Охватов выпил некрепкого чаю, пожевал свежего, домашней выпечки хлеба, после которого ободранные сухарями десны приятно заныли. От чаю и духовитого хлеба Охватову стало так хорошо, что он с откровенной преданностью стал глядеть на Афанасьева, опять не узнавая его и дивясь этому. У Афанасьева совсем голые, припухшие с усталости веки, такие же усталые глаза, будто подернутые пеплом, под которыми, невидимая, угадывается деятельная и напряженная мысль.

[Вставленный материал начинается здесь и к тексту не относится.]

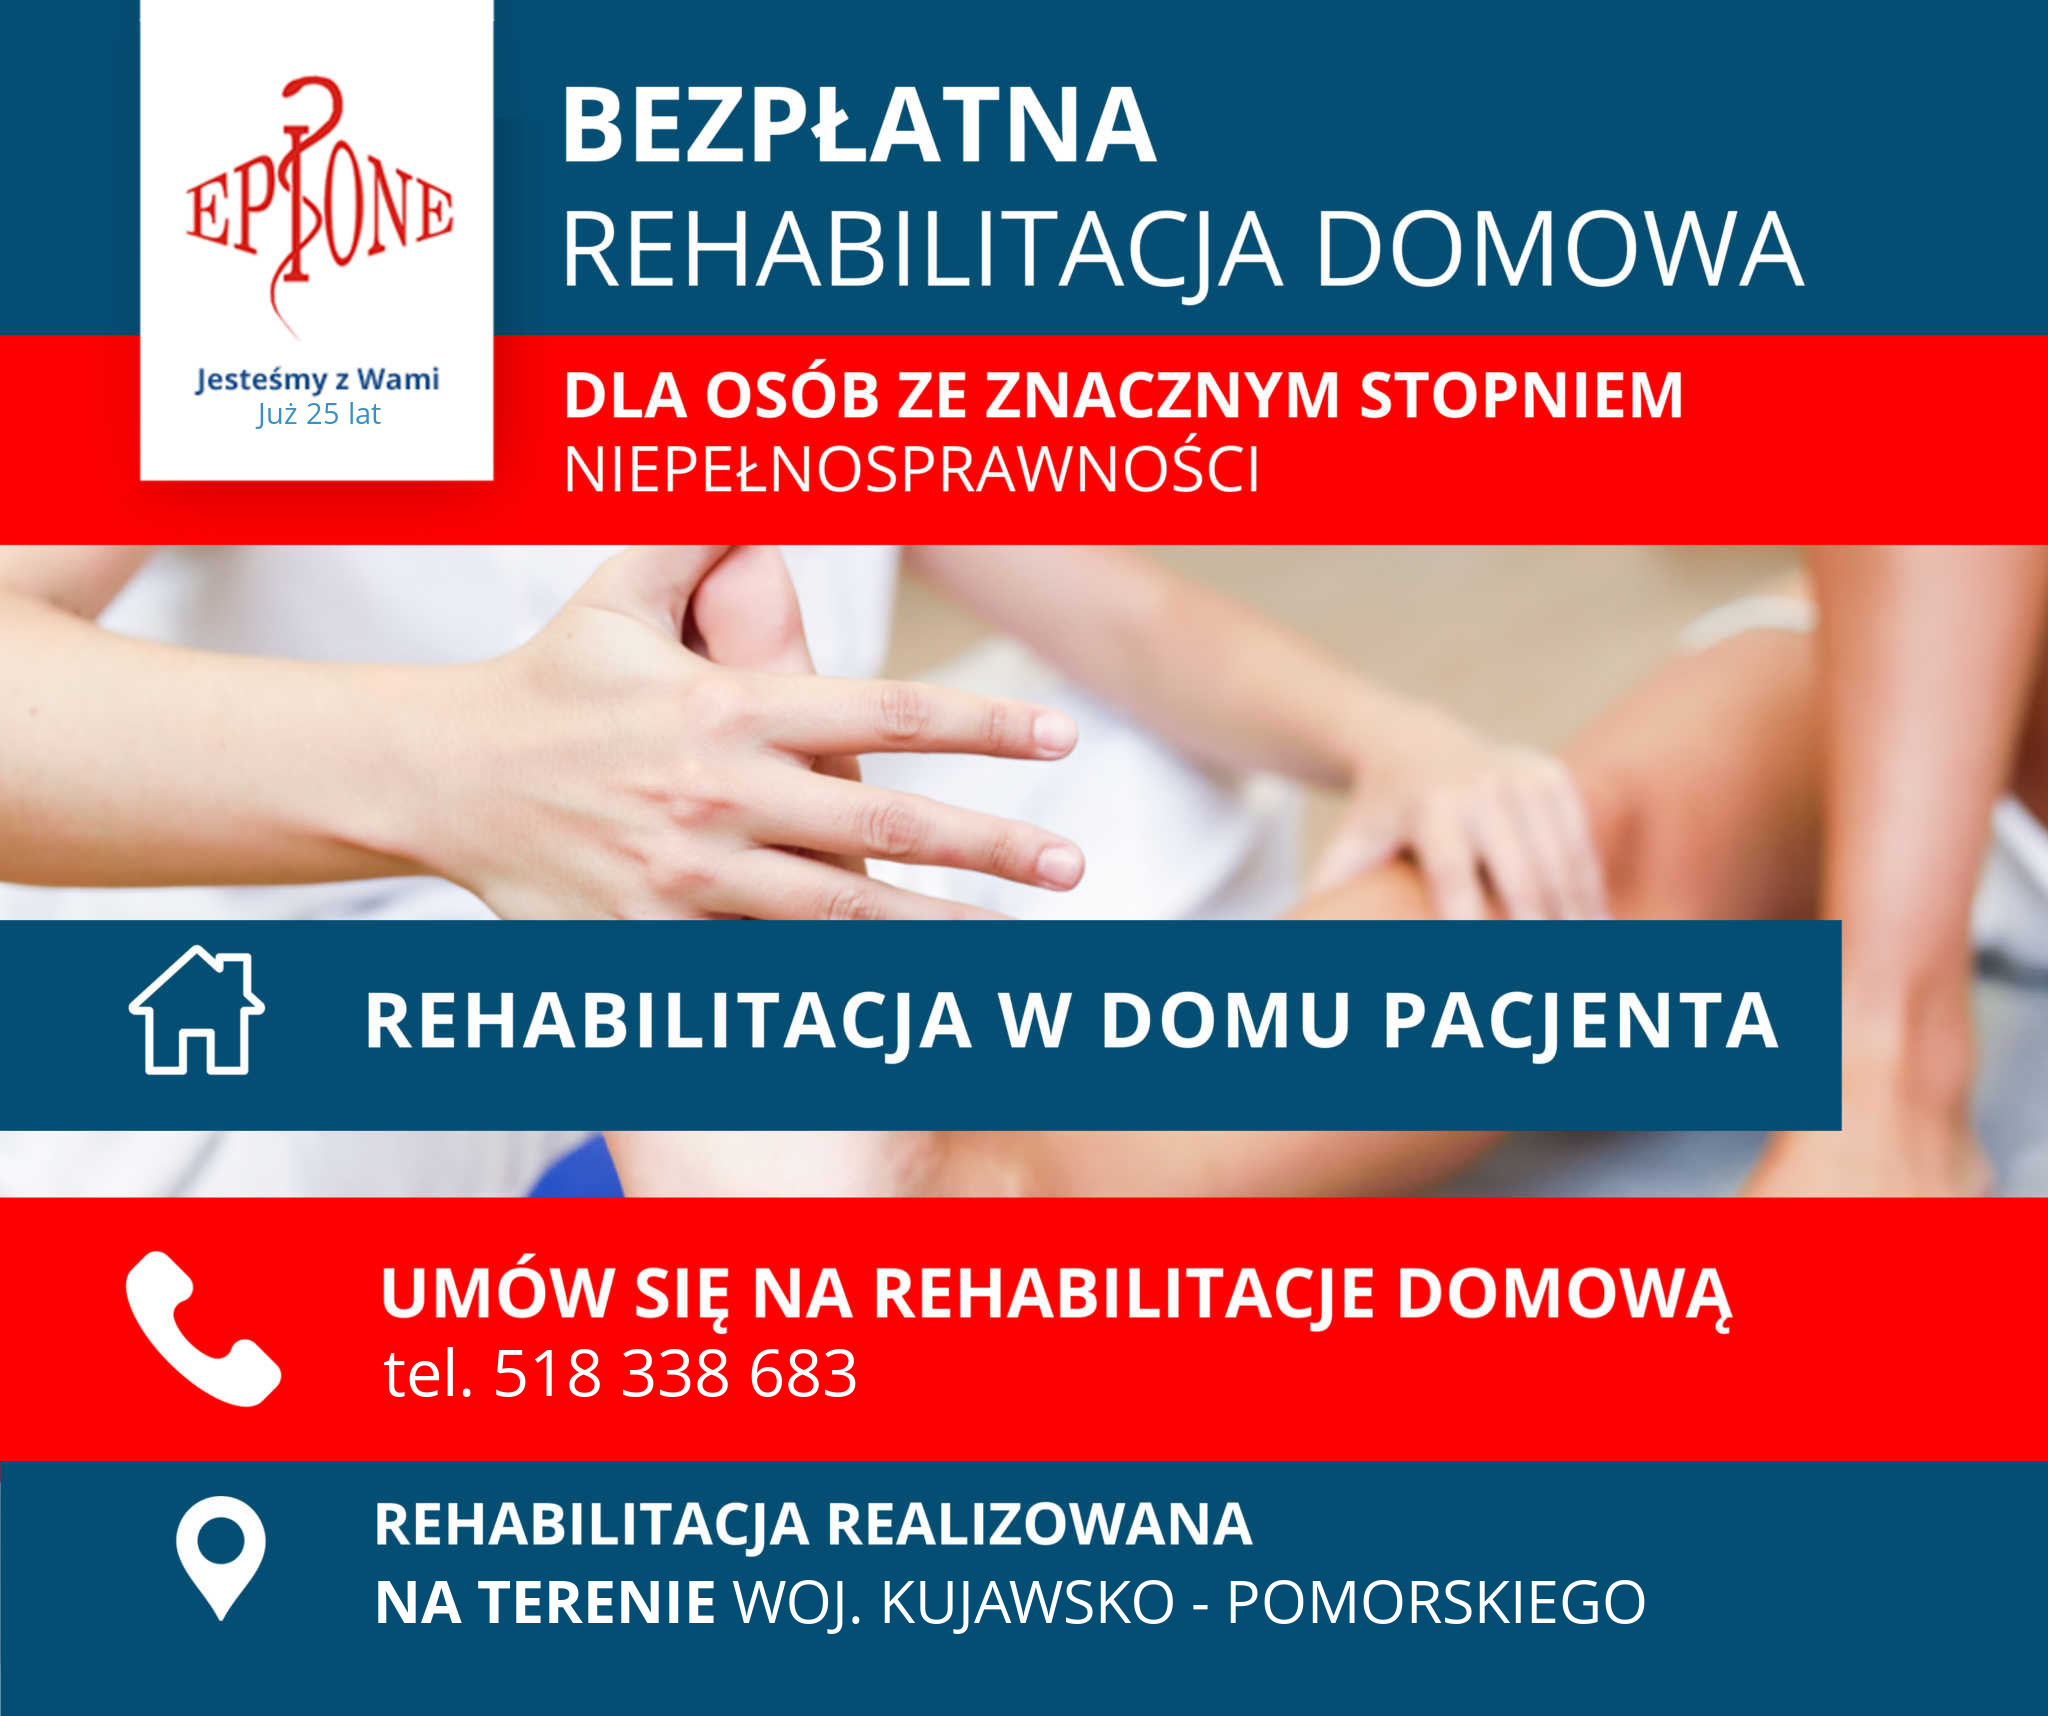 Rehabilitacja NFZ Bydgoszcz Bezpłatna Kujawsko Pomorskie

Филипенко прямо на нательную рубаху надел внакидку свою шинель и лег на кровать, закинув руки за голову.

— Ты помнишь, Дмитрий Агафоныч, в нашей комсоставской столовой на Шорье работала Симочка, сама беленькая вся, а глаза черные, угарные такие?

— Хлеборезка, что ли?

— Работала и в хлеборезке.

— Она же, Филипенко, до пупа тебе.

— В этом-то все и дело. Будь она такая же, как и я, к чему это?

— Ну-ну, крой дальше.

— До того как нас перевели на казарменное положение, я жил у станционной кассирши. А у той дочь. Поначалу, сам знаешь, бывали вечера свободные — вот мы с нею то на рыбалку, то по грибы, а потом то да другое, пятое да десятое…

— А потом и одиннадцатое?

— Да нет, до этого не дошло. Я гнул. Сперва легонько, а потом в открытую, с нажимом. Или— или. Не далась. Вот пойдем-де, зарегистрируемся, тогда уже вся твоя. Не знаю, чем бы все это кончилось. Однажды прихожу домой, а у хозяйской дочки гостья — Симочка наша. Я и до этого видел ее. Но так как-то, без внимания. Копошится, маленькая, беленькая, за своим прилавочком режет хлеб и режет. А тут поглядел я на нее — ну вся-то такая ладная да пригожая, что я глазами вцепился в нее, как репейная шишка в солдатскую шинель. Она, слушай, маленькая же, а глядит-то как свысока! И в то нее время милостиво, и не она вроде маленькая-то, а я. Вот в том-то и дело. Срезала. Хозяйская дочь самая первая поняла это и, пока пили чай, две чашки изломала. На другой день — хорошо помню — наряд был у нас за Шорьей, а вечером я выждал Симочку у столовки и увел в кусты на Каму. Боже мой!.. — Филипенко порывисто поднялся, скинул с плеча шинель и встал перед Афанасьевым. — Боже мой, Дмитрий Агафоныч, с той поры я только и живу ею, только и думаю о ней, а всякое дело хочу сделать лучше, и опять же для нее. Все мне кажется, что мы с нею вот-вот должны встретиться, и я ей расскажу все, что пережито!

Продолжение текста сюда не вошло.